On the Front Line of China’s Chat Sticker Industry
LIAONING, Northeast China — As the clock strikes 9 p.m., cartoonist Zhong Wei tucks his 3-month-old son into his crib and locks himself away in the cramped study at his home in Shenyang, where he works through the night to create virtual stickers that will support his family.
Emoji-like sticker sets were first widely used on Japanese messaging app Line, with the advent of the popular Line Friends cartoon characters in 2011. In 2015, Line’s stickers accounted for $268 million in revenue, according to the company’s 2016 IPO filing. Line Friends has since become a global brand, expanding beyond the digital realm with merchandise and cafés from Shanghai to New York.
With sticker sets now ubiquitous on Chinese messaging apps, the industry is seeing an influx of investment. A telling example is Block 12 Culture, a Beijing-based intellectual property incubator specializing in stickers that raised 25 million yuan ($3.8 million) in its first round of financing in March.
Zhong remembers working as one of the first Chinese cartoonists in what was then a fledgling sticker industry. One of his most famous — and profitable — creations is Ao Damiao, a sassy but lovable cat with a human body that went viral shortly after its debut in 2014 on tech giant Tencent’s QQ messaging app. “It was around [this time that] stickers suddenly became popular across social media platforms,” Zhong tells Sixth Tone. Users chose stickers from the Ao Damiao collection to express themselves over 2 billion times in 2014, according to a Tencent data report — ranking the sticker set third among QQ’s roughly 500 sticker and emoji collections.
Now, Ao Damiao and his other creations make Zhong annual earnings of roughly 500,000 yuan — a sum that falls at the higher end of the middle-class salary range in Shenyang, his hometown.
However, not every cartoonist is as fortunate. Zhong acknowledges that competition in the industry is intense. “Only a minority can earn this much,” he says. “Most cartoonists make way less.”
Now known professionally as “Murong Aoao,” Zhong got his big break at a particularly desperate time in late 2013. He had a degree in industrial design, but he and his wife, Wang Dan, were struggling to make ends meet in Beijing. “Our annual savings couldn’t even buy a square meter in the neighborhood back then. We just couldn’t see a promising future,” Wang tells Sixth Tone. Out of money and options, the young couple returned to Shenyang.
A few months later, a man Zhong now calls “Kehu Baba” — which roughly translates as “Client Daddy” — saw Zhong’s creations on microblogging platform Weibo and requested a series of Ao Damiao online comic strips for 40,000 yuan. “We were over the moon upon receiving the payment,” Zhong says.
In 2015, WeChat — the messaging app at the center of the fierce competition among sticker designers in China — invited Zhong to offer his creations on the platform.

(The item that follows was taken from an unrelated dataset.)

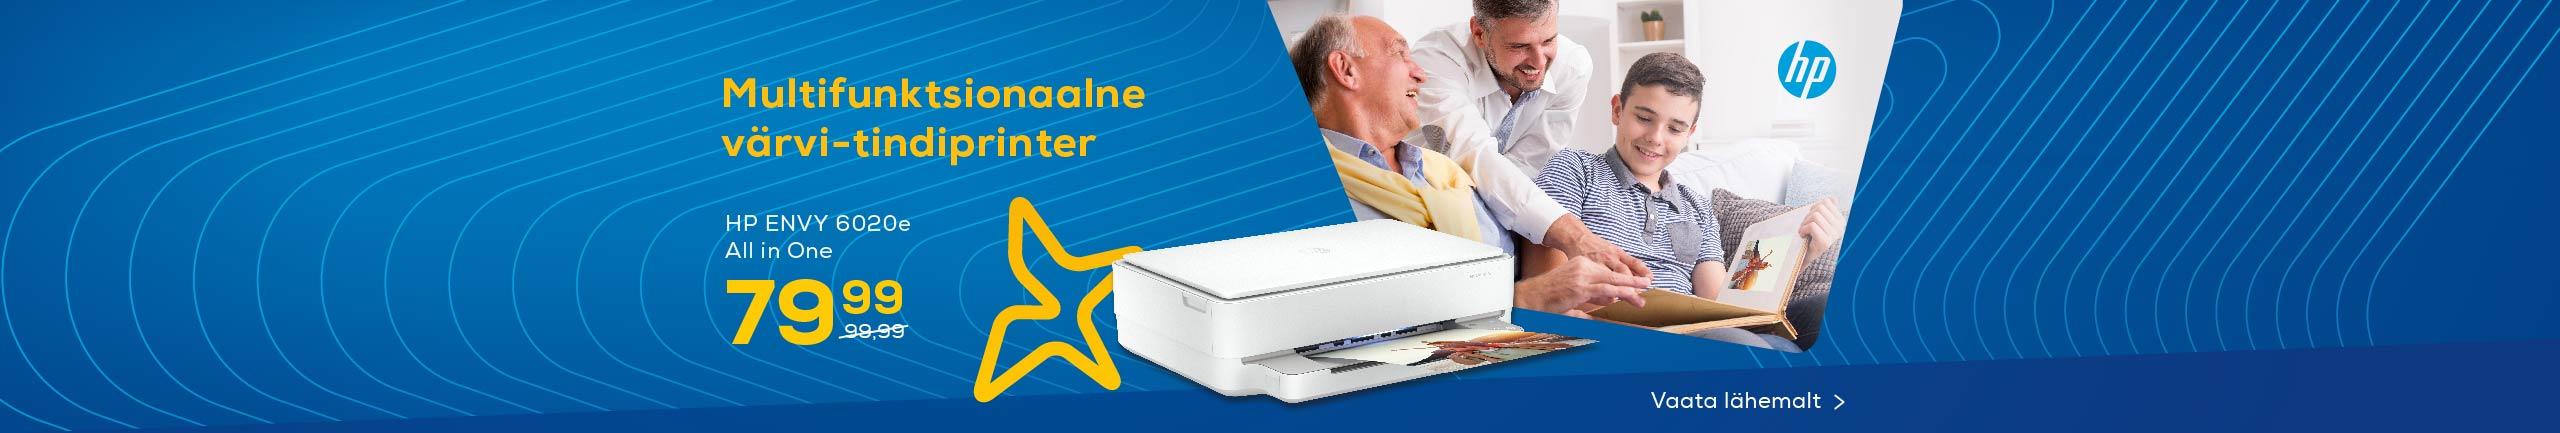 Multifunktsionaalne värvi- tindiprinter HP ENVY 6020e All in One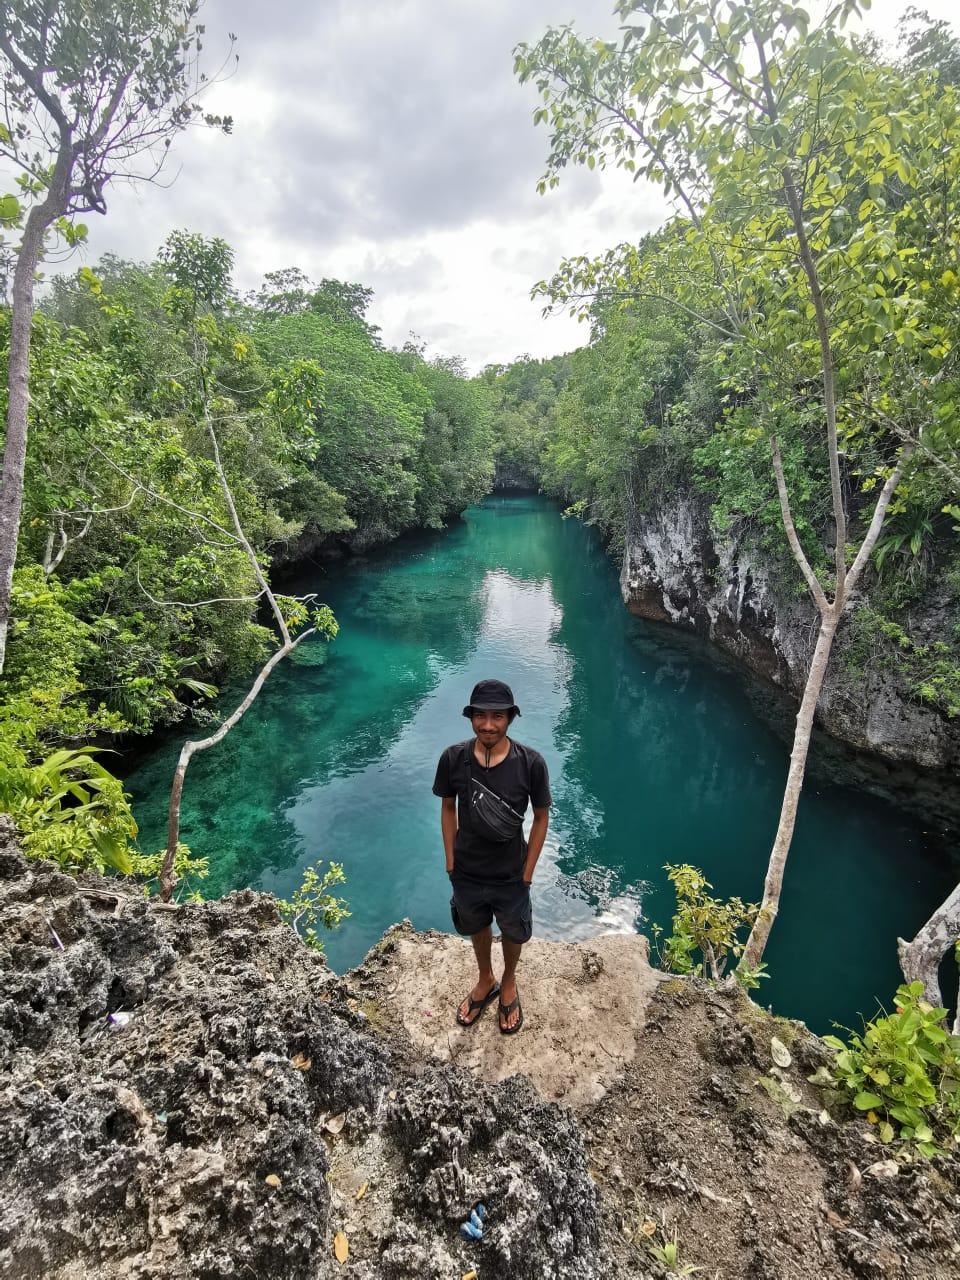 Wisata Danau Sole di Pulau Manawoku, Desa Amarsekaru, Kecamatan Pulau Gorom, Kabupaten Seram Bagian Timur

The WeChat “sticker store” currently hosts over 16,000 collections, a public relations representative from the company told Sixth Tone.
Designers can upload stickers to WeChat for free, and if approved by the app, their creations are released into the ether of the sticker store. The store’s ranking system keeps the newest and most popular designs at the top of its catalog, meaning less popular creations are quickly edged out and forgotten. Normally, a new collection of Ao Damiao stickers can hang on to a top spot for two months.
To stand out from the crowd, Zhong believes the key is to create stickers with which people can empathize — designs reflecting human nature. Ao Damiao is good-natured but also gluttonous and lazy, because “imperfections appeal to people,” Zhong explains. “People who can’t stick to diets due to their uncontrollable appetites can look at the cat gorging on food and say, ‘This is exactly what happens to me!’”
While most of the WeChat sticker sets are free to download, users can opt to send cash contributions directly to favorite cartoonists via WeChat Wallet, the app’s built-in payment function. Through these contributions, Zhong receives an average of 20,000 yuan per month — though he notes that this amount is declining as more and more stickers become available on the app.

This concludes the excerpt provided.